The stone staircase leading to the second floor and the door leading to the courtyard

Palazzo Gherardi is a 15th-century building in the Santa croce quarter of Florence, Tuscany, in central Italy. Its main façade is on Via Ghibellina 88, while to the right it faces Via dei Pepi.

Description

Though at present there are at least four doors, each with its own street number, historically there are only two entrances: the main one in the centre, leading to the upper stories and to the cellars, and the tradesmen's entrance to the right. Along Via Ghibellina, at ground level, besides the doors, there are a series of square stone windows with grills. There is another service entrance on Via dei Pepi, as well as what seems to be a modern door, now closed by a glass pane, and an artisan's workshop. Both the first and second floors are marked by belt course and are almost entirely occupied by serried, large, arched windows, ten on each floor. This notwithstanding, the design is sober, even austere, as is typical of XV century Florentine architecture.

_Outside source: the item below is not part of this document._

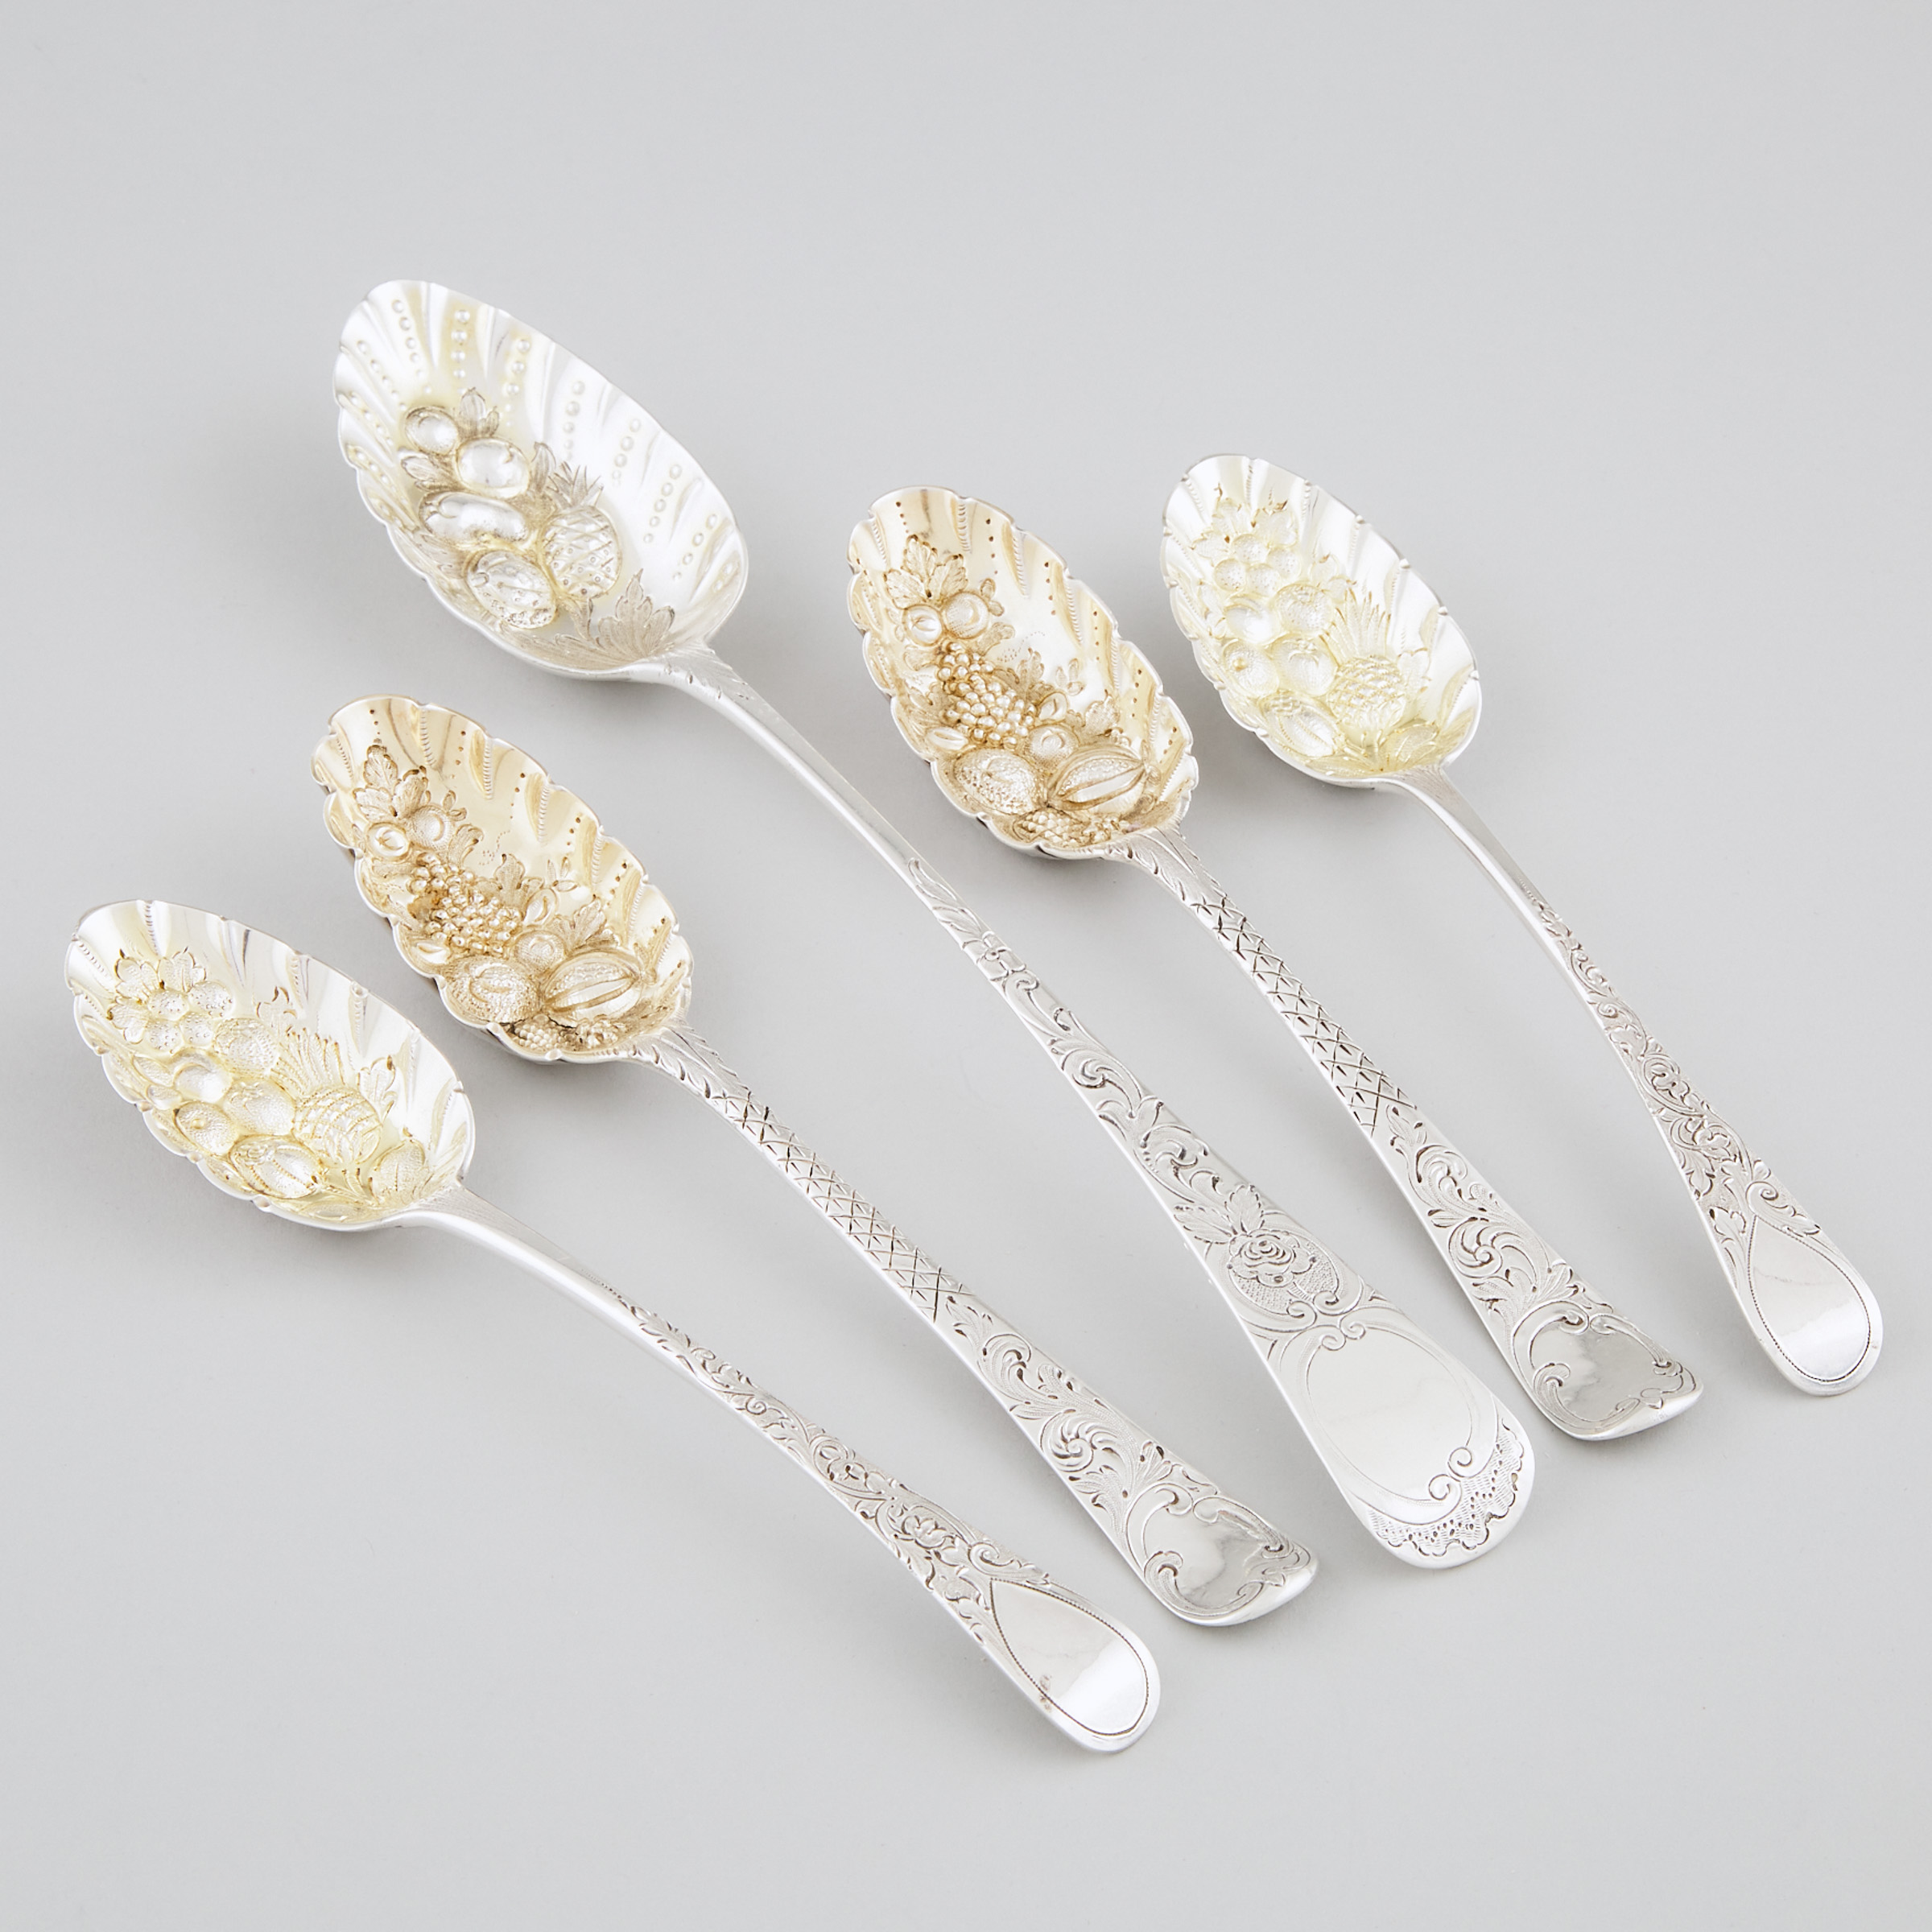 Two Pairs of Georgian Silver Berry Spoons and a Serving Spoon, Francis Spilsbury II, London, c.1770, William Bateman I, London, 1824 and George Wintle, London, 1809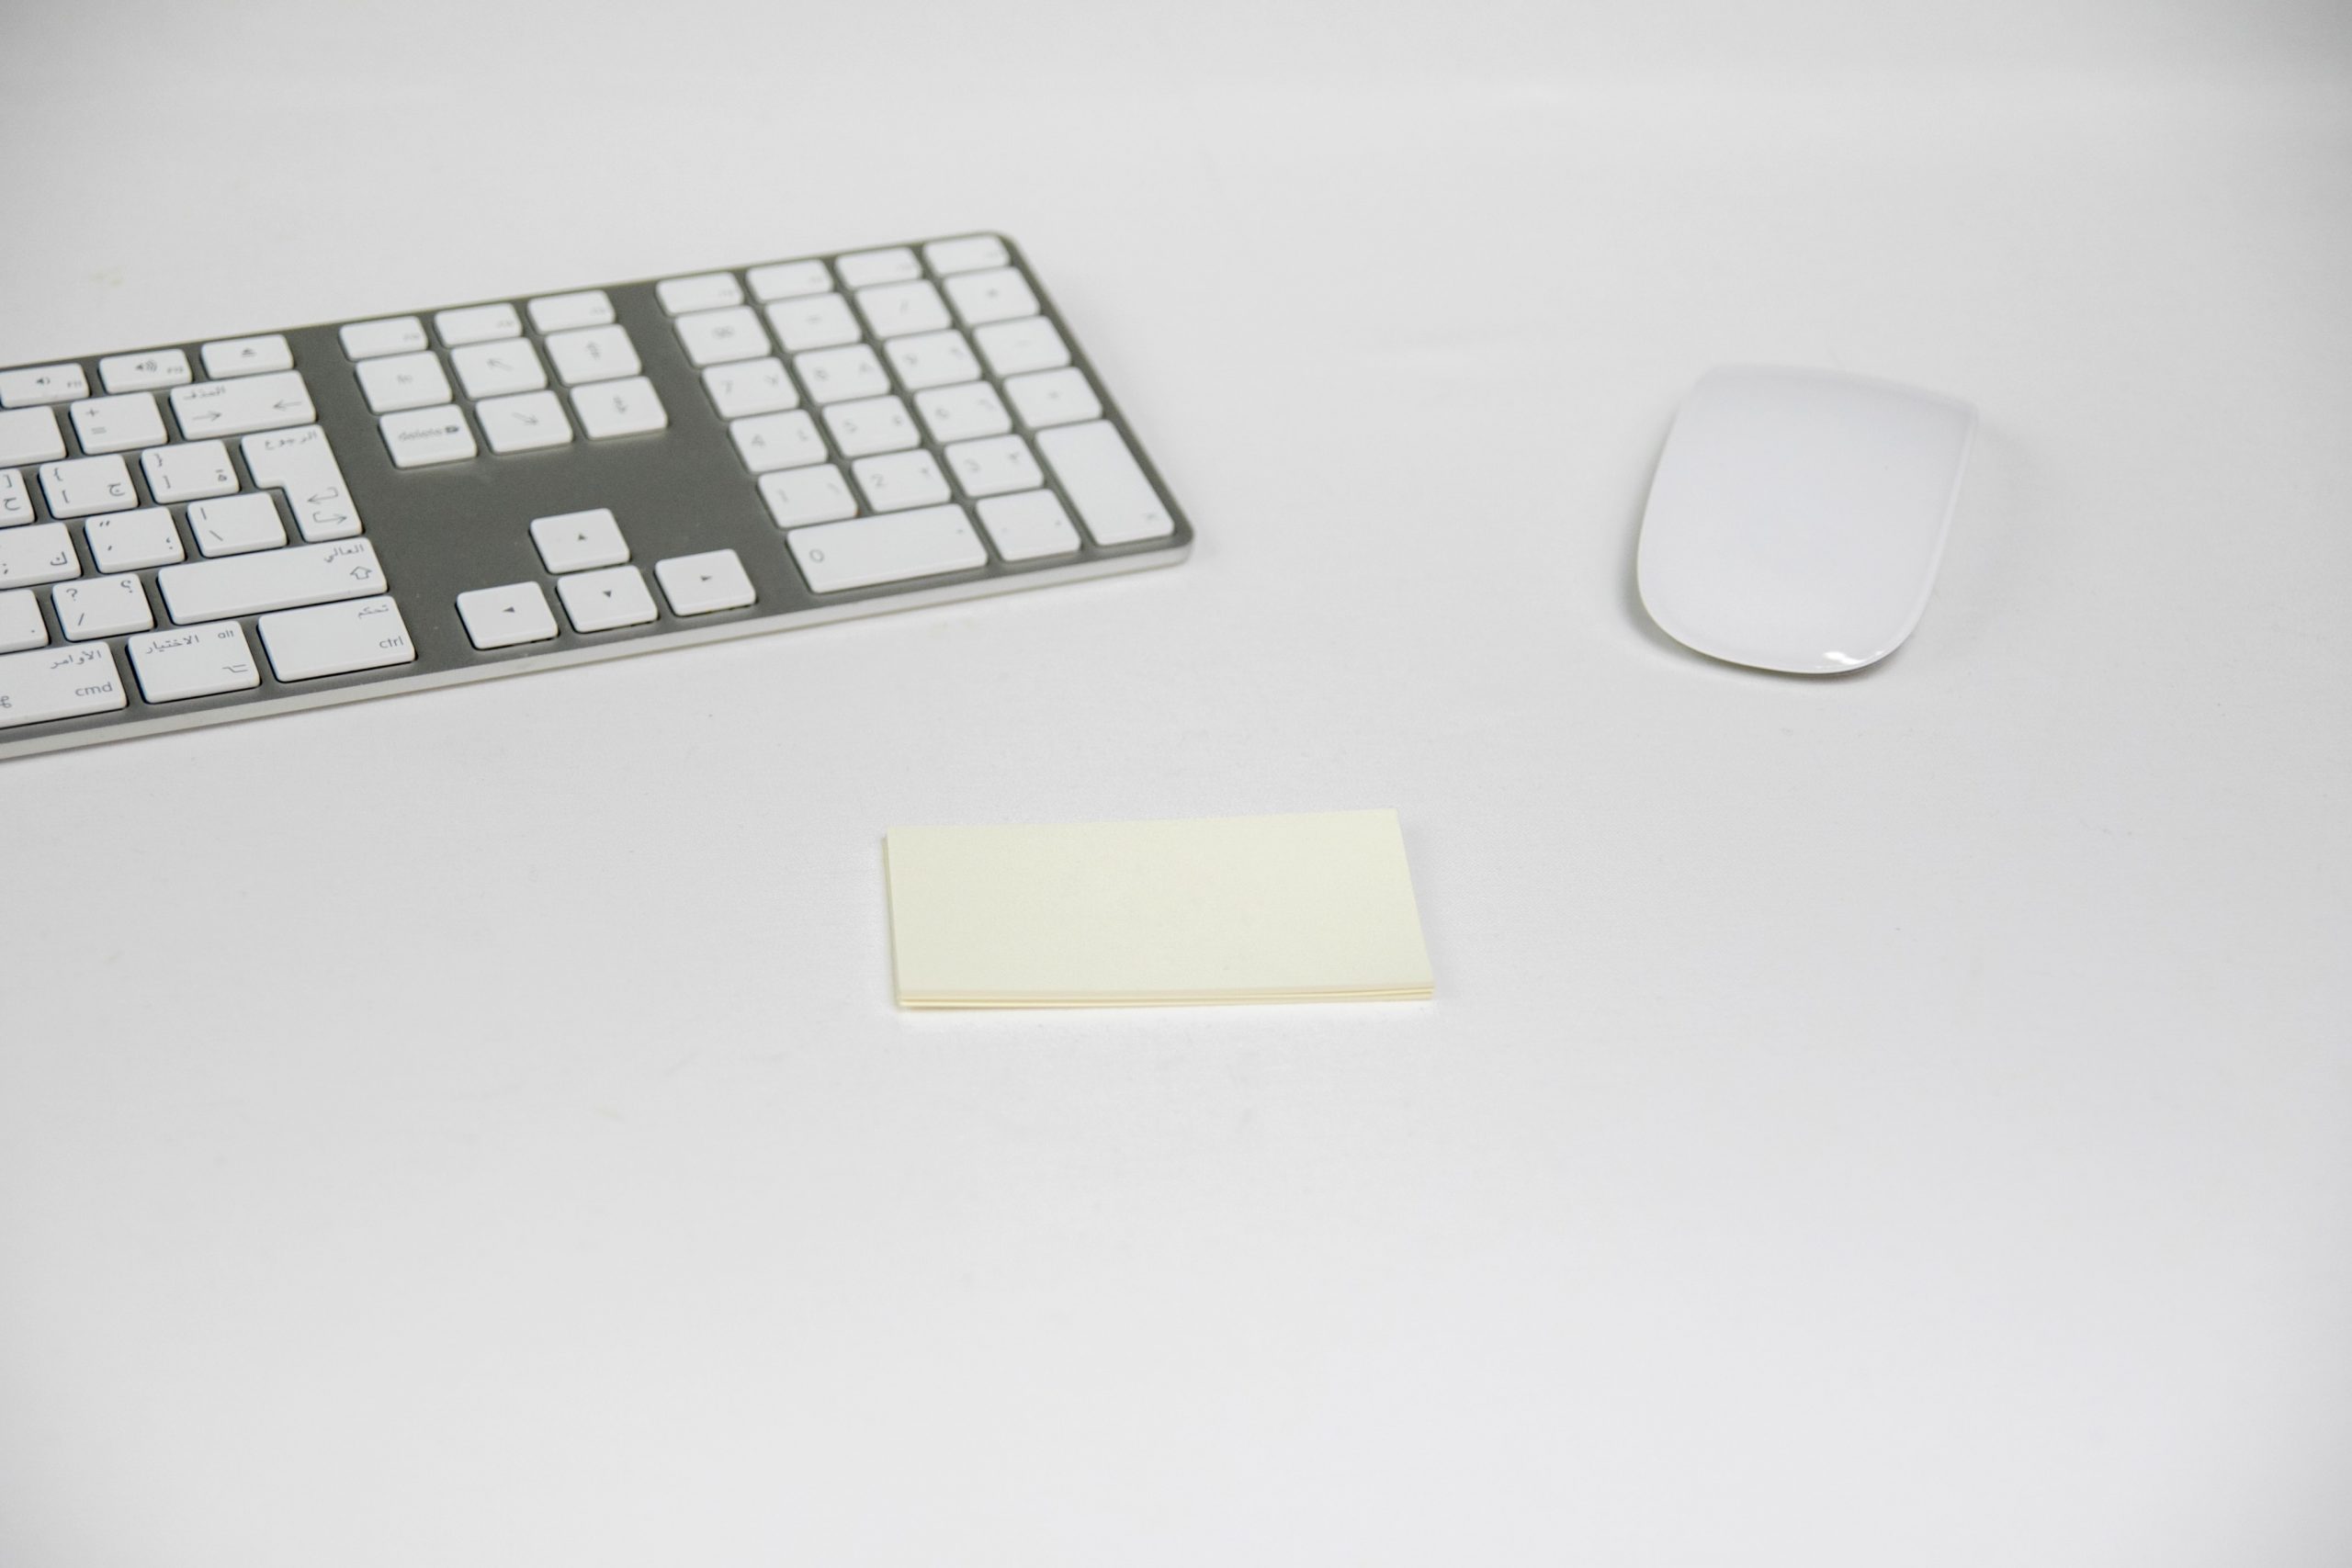 Apple magic mouse and keyboard

Inside there are two staircases leading to the upper floors, as well as two doors leading to the cellars, to the right at the rear there is a door that leads into two interconnected large rooms. The main staircase, leading to the second floor occupied by private flats, has a stone handrail. At the back of the entrance there is a courtyard with blocked arches, dating to the end of the XIV century, which obviously constituted a loggia connected to the tradesmen's entrance. There is a small loggia giving on to the courtyard. The Gherardi coat of arms is still visible on the back wall of the courtyard.

Besides private habitations on the second floor, the building also houses the Florentine Campus of the Sapienza; Unitelma La Sapienza University of Rome and the Istituto di Lingua e Cultura Italiana Michelangelo on the first floor.

The building is cited in the 1901 compendium of the Direzione Generale delle Antichità e Belle Arti, as a monumental building, classified as a national artistic monument.[1]

The courtyard of Palazzo Gerardi, showing the first floor loggia to the right and displaying the Gherardi coat of arms on the back wall.

Bibliography

  • Guido Carocci, Firenze scomparsa. Ricordi storico-artistici, Firenze, Galletti e Cocci, 1897, p. 142;
  • Ministero della Pubblica Istruzione (Direzione Generale delle Antichità e Belle Arti), Elenco degli Edifizi Monumentali in Italia, Roma, Tipografia ditta Ludovico Cecchini, 1902, p. 254
  • Walther Limburger, Die Gebäude von Florenz: Architekten, Strassen und Plätze in alphabetischen Verzeichnissen, Lipsia, F.A. Brockhaus, 1910, n. 285;
  • Walther Limburger, Le costruzioni di Firenze, traduzione, aggiornamenti bibliografici e storici a cura di Mazzino Fossi, Firenze, Soprintendenza ai Monumenti di Firenze, 1968 (dattiloscritto presso la Biblioteca della Soprintendenza per i Beni Architettonici e per il Paesaggio per le province di Firenze Pistoia e Prato, 4/166)., n. 285;
  • Piero Bargellini, Ennio Guarnieri, Le strade di Firenze, 4 voll., Firenze, Bonechi, 1977-1978, II, 1977, p. 31;
  • Claudio Paolini, Case e palazzi nel quartiere di Santa Croce a Firenze, Firenze, Paideia, 2008, p. 96, n. 132;
  • Claudio Paolini, Architetture fiorentine. Case e palazzi nel quartiere di Santa Croce, Firenze, Paideia, 2009, pp. 154–155, n. 202.

Notes

  1. Direzione Generale delle Antichità e Belle Arti, Ministero della Pubblica Istruzione (1902). Elenco degli Edifizi Monumentali in Italia. Rome: Tipografia ditta Ludovico Cecchini. p. 254.